Points (x,y) which produce a z value are contained within the 4 hyperbolic curves.
(In contrast, the Scherk1 surface has a rectangular x,y source, so it was easier to program.)

I think that FXGraph3D could use a numpoints input(?)
From: TOM (SIRTOM)
20 Jul 2017   [#28] In reply to [#27]
For a mathematician layman what you say is a bit like a Mandarin dialect ;-)
But I am trying to decipher your explanation !
From: bemfarmer
20 Jul 2017   [#29] In reply to [#28]
https://en.wikipedia.org/wiki/Hyperbolic_function

For a hyperbola, angle theta is not used, instead u is used, and is an area.
(For a circle, angle = 2*Area, so either can be used.)

- Brian

http://www.clayton.k12.mo.us/cms/lib/MO01000419/Centricity/Domain/241/ArticleHandout.pdf
From: bemfarmer
24 Jul 2017   [#30]
The implicit equation did not work out very well, due to "poles," but here is the classic Weierstrass parameterization, as per Wikipedia.
The surface which results is the same as for the _Scherk2 long .js, .htm script, but lacks symmetry at two ends,
at least partly due to the lack of numpoints parameter in _FXGraph3d (?).
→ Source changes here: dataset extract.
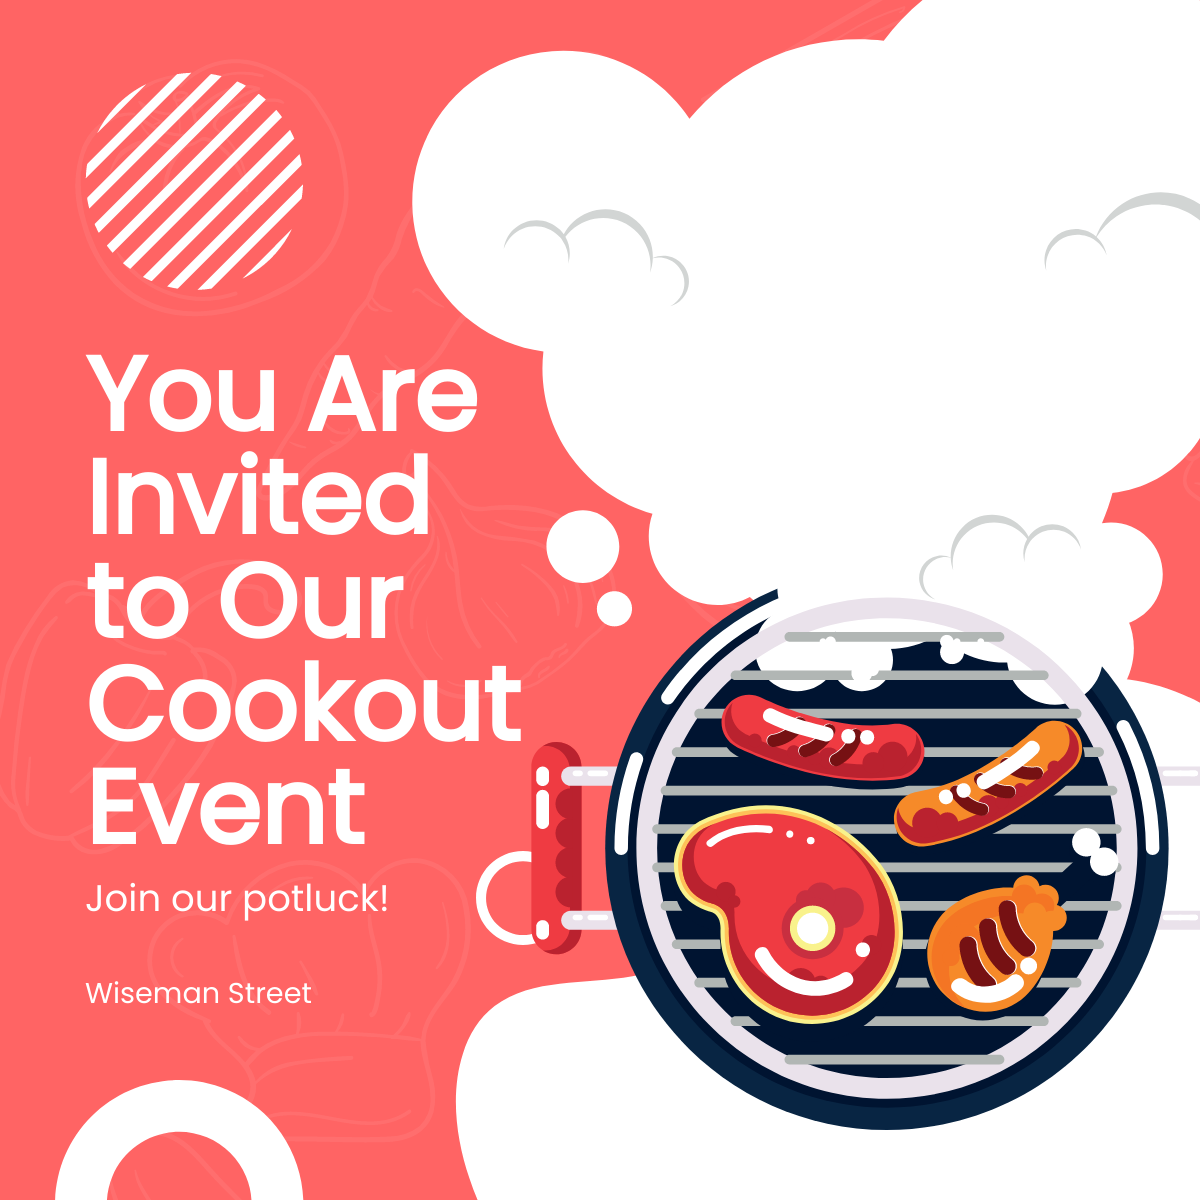 Cookout Event Linkedin Post

So I prefer the long script, after processing, for the Scherk tower approximation.
The FXGraph3d version comes in two halves, due to the exclusion of zero, and replacement with .0001.
The .8 can be increased in value, if U and V count are increased.
The two halves can be networked and joined, offset, edge swept, and joined to a solid, for a super "pringle". A few Fillet tries did not work.

Scherk2WFirstHalf01
_FxGraph3D log((1+u*u+2*u*cos(v)) / (1+u*u-2*u*cos(v))); log((1+u*u-2*u*sin(v)) / (1+u*u+2*u*sin(v))); 2*atan((2*u*u*sin(2*v)) / (u*u*u*u - 1));0;0.8;0.0001;3.141592653589793;21;21;1;;;UV

Scherk2WSecondHalf01
_FxGraph3D log((1+u*u+2*u*cos(v)) / (1+u*u-2*u*cos(v))); log((1+u*u-2*u*sin(v)) / (1+u*u+2*u*sin(v))); 2*atan((2*u*u*sin(2*v)) / (u*u*u*u - 1));0;0.8;0.0001;-3.141592653589793;21;21;1;;;UV

- Brian
From: TOM (SIRTOM)
24 Jul 2017   [#31] In reply to [#30]
Unbelieeeeeeeeeeeevable !!

How did you manage to out this formula together ... hats off
and thank you very much, Brian !!
From: mkdm
24 Jul 2017   [#32] In reply to [#30]
Thanks a lot Brian!

Very handy formula!!

Mathematics, this almost unknown "savage beast"...for me! (sigh)




Bye!
From: bemfarmer
24 Jul 2017   [#33] In reply to [#31]
Thank's Tom and Marco.
The equations, as shown in Wikipedia, https://en.wikipedia.org/wiki/Scherk_surface, are the same as in the Scherk2 script.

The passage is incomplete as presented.